**Exercise:** This calls for a verbatim copy of all the data, with no images carried over.

Exercise data Start Marker

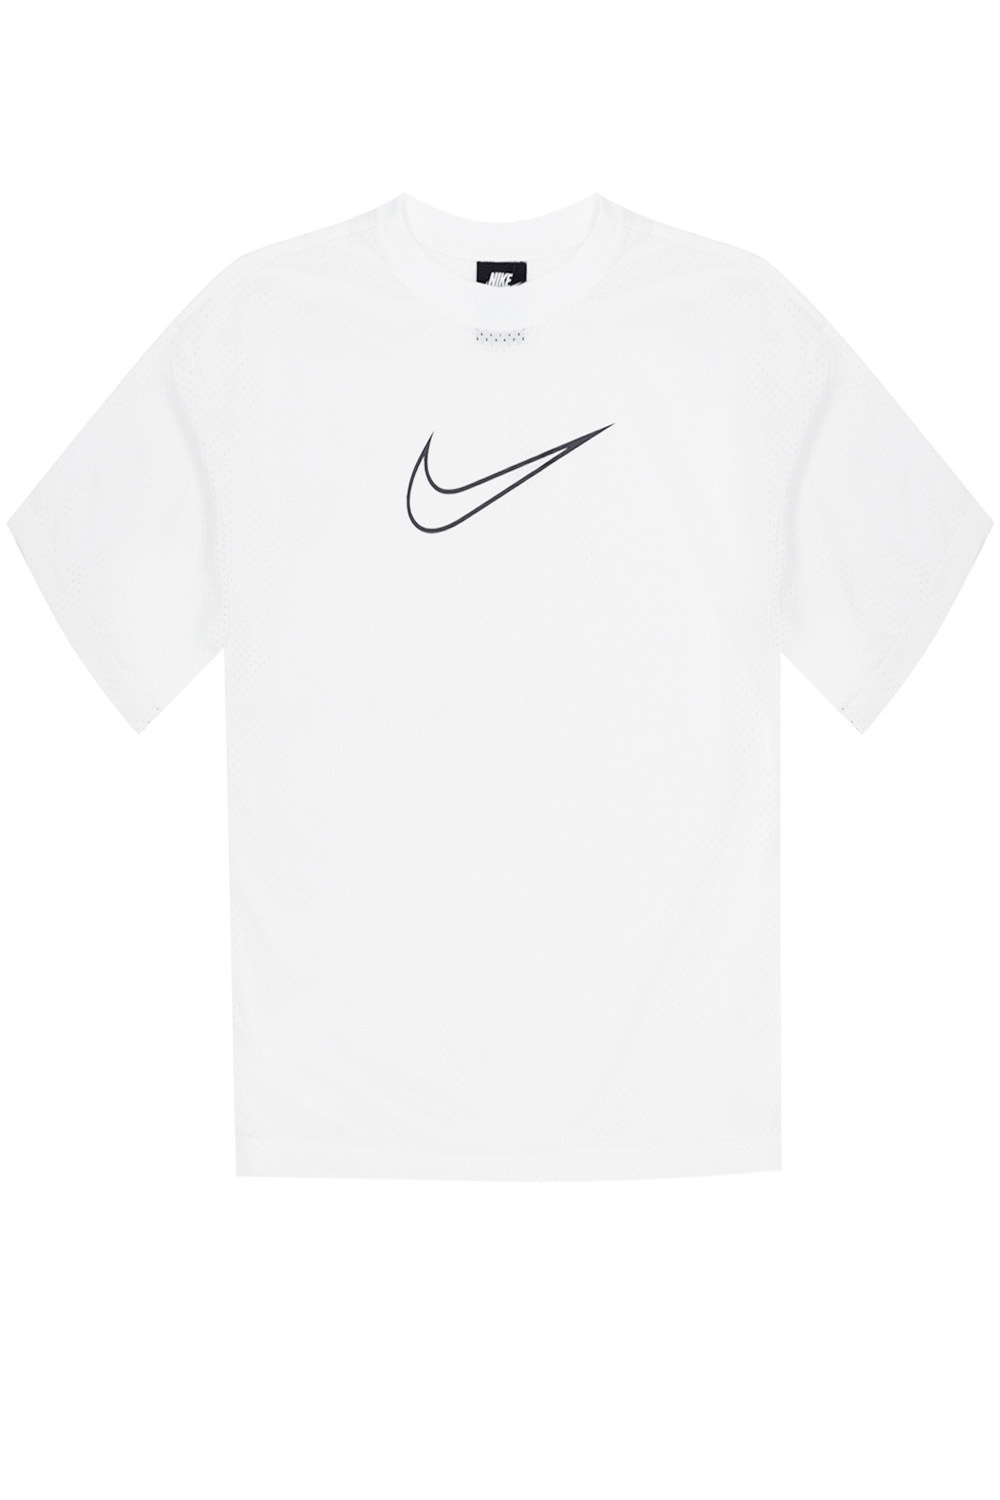 nike logo size on shirt
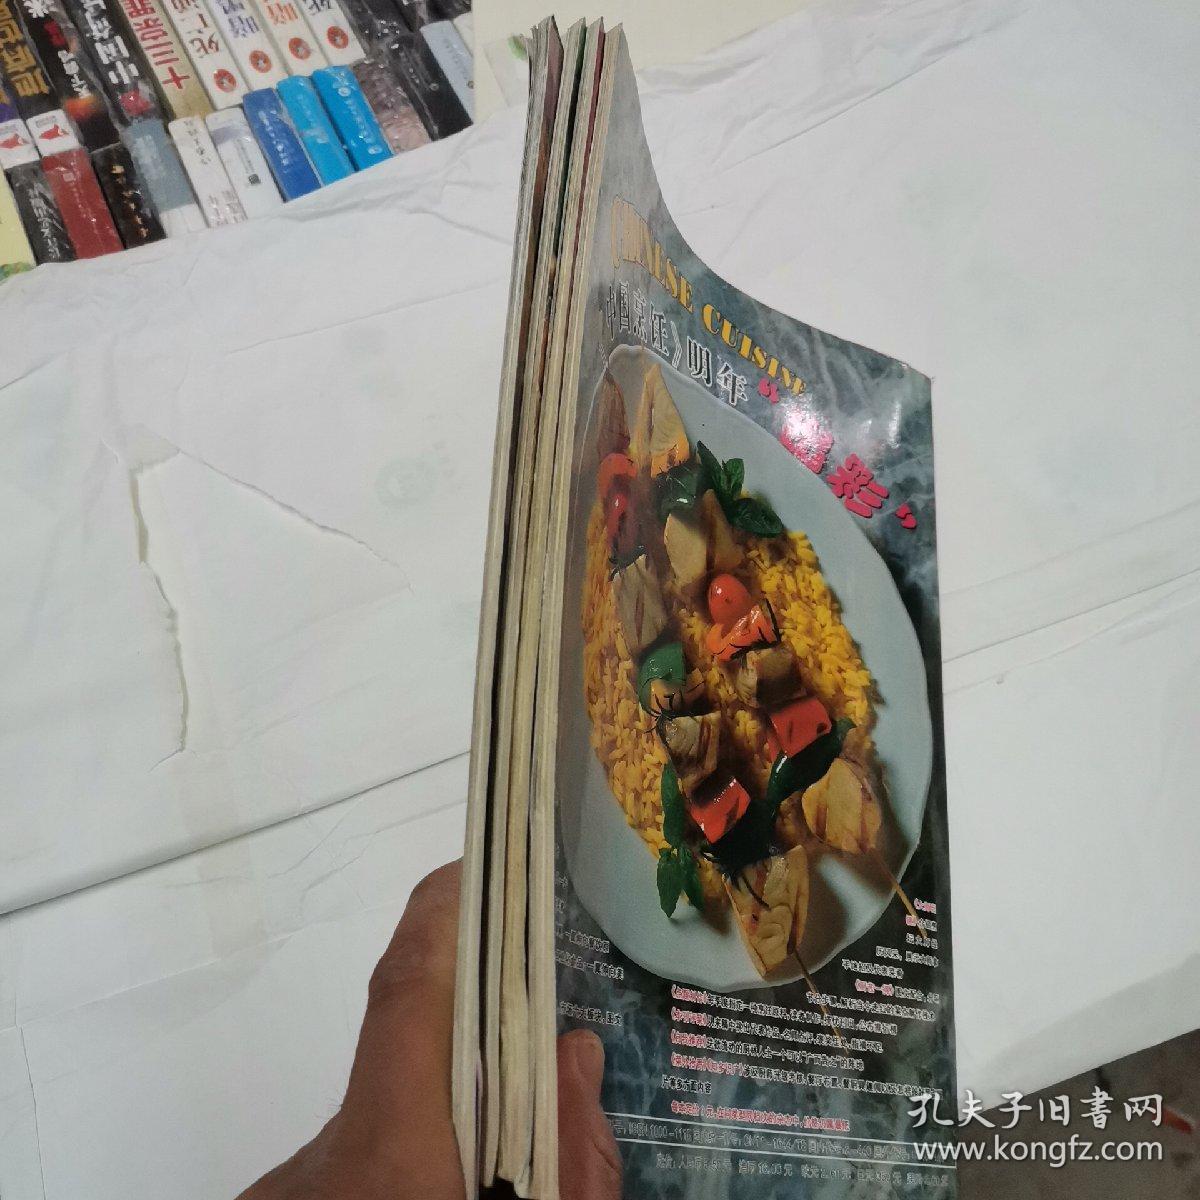 中国烹饪2000年4、6、11、12四本合售
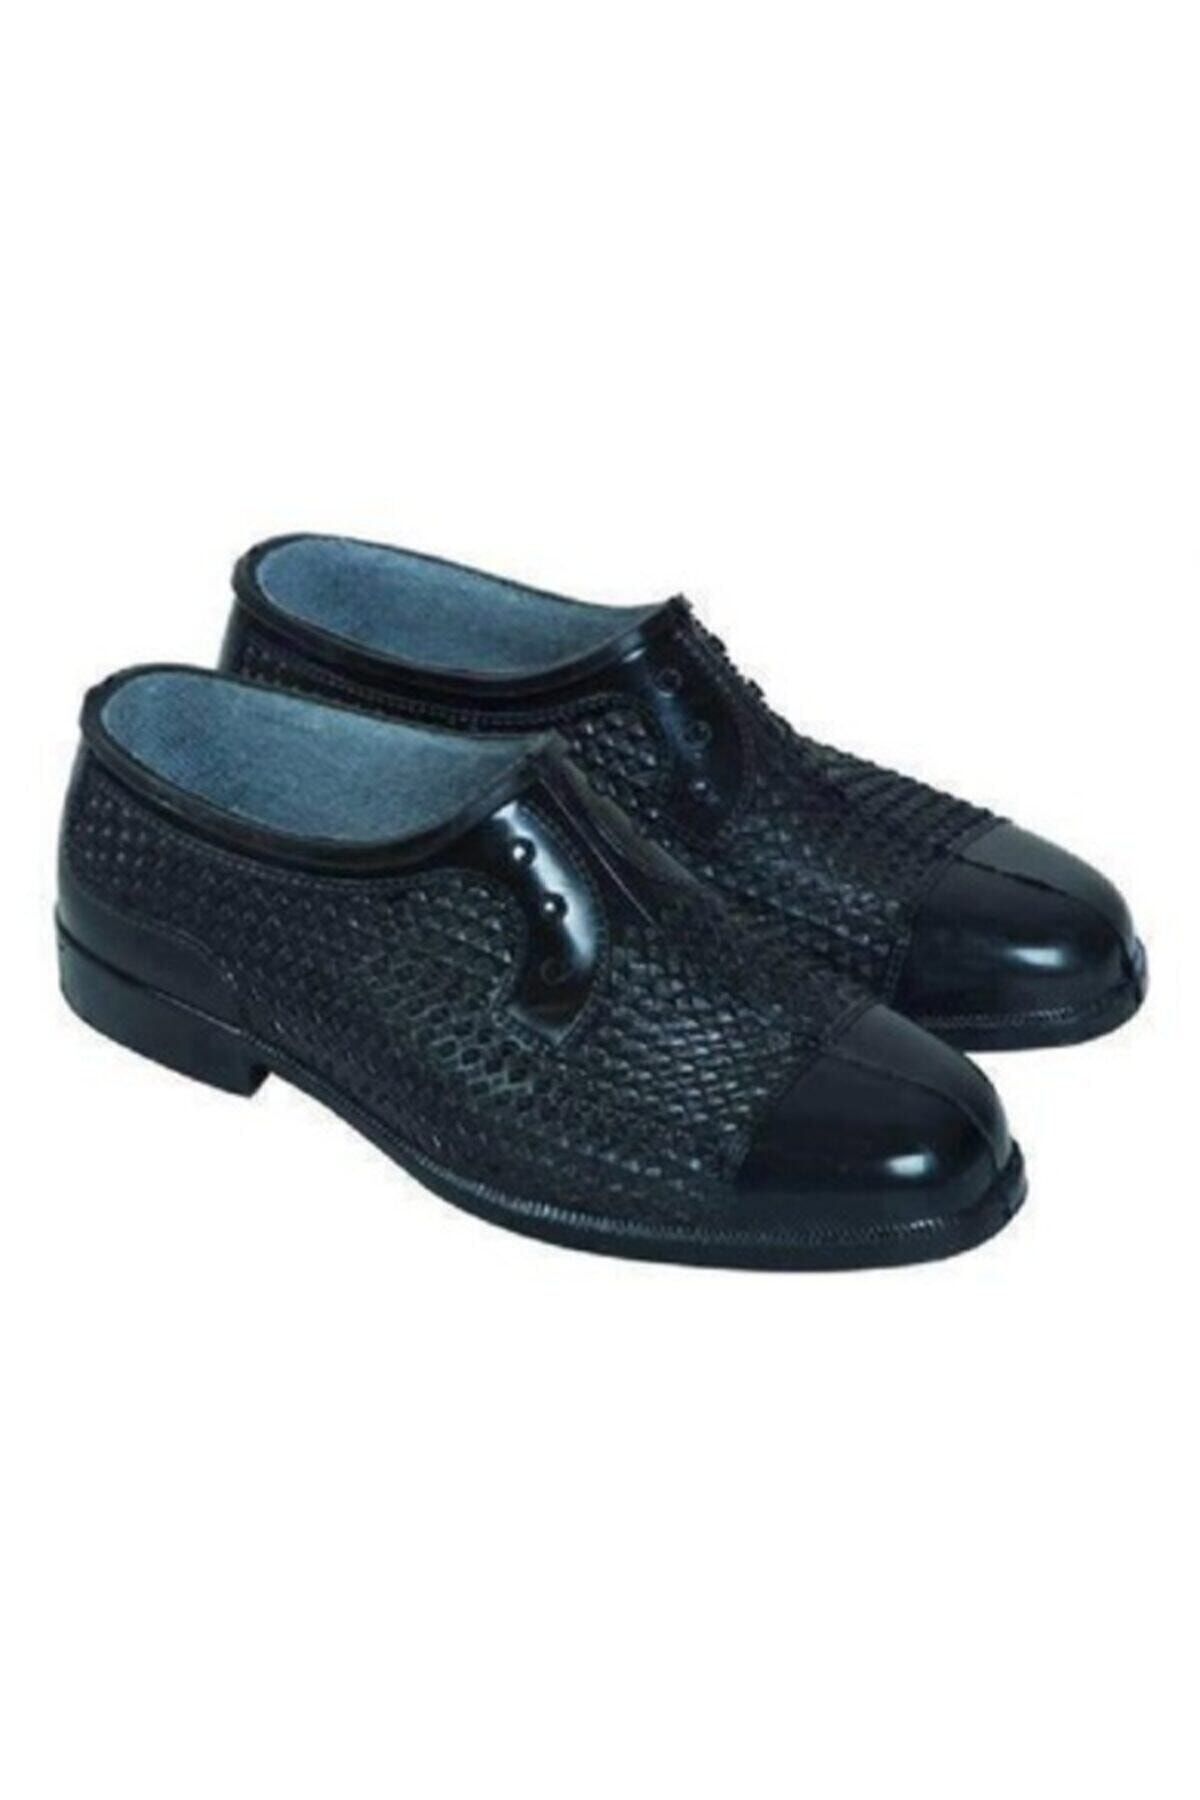 Emek Erkek Siyah Astarlı Lastik Ayakkabı Bağ Bahçe Tarla Lastik Ayakkabı
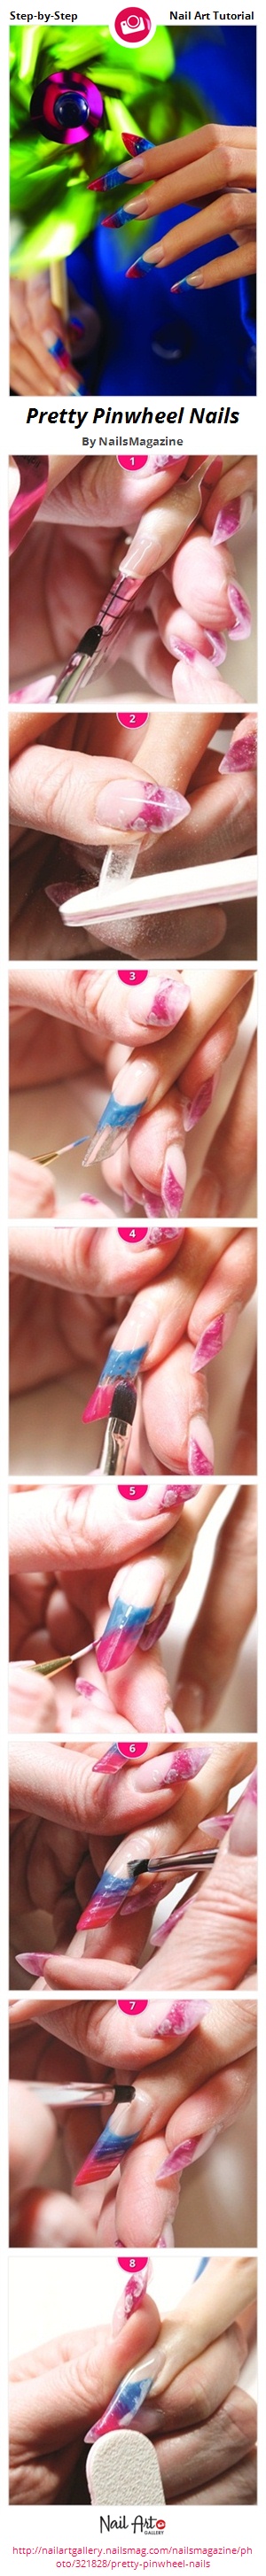 Pretty Pinwheel Nails - Nail Art Gallery

Exercise data End Marker

**Solution:**
 nike logo size on shirt
 中国烹饪2000年4、6、11、12四本合售
 Emek Erkek Siyah Astarlı Lastik Ayakkabı Bağ Bahçe Tarla Lastik Ayakkabı
 Pretty Pinwheel Nails - Nail Art Gallery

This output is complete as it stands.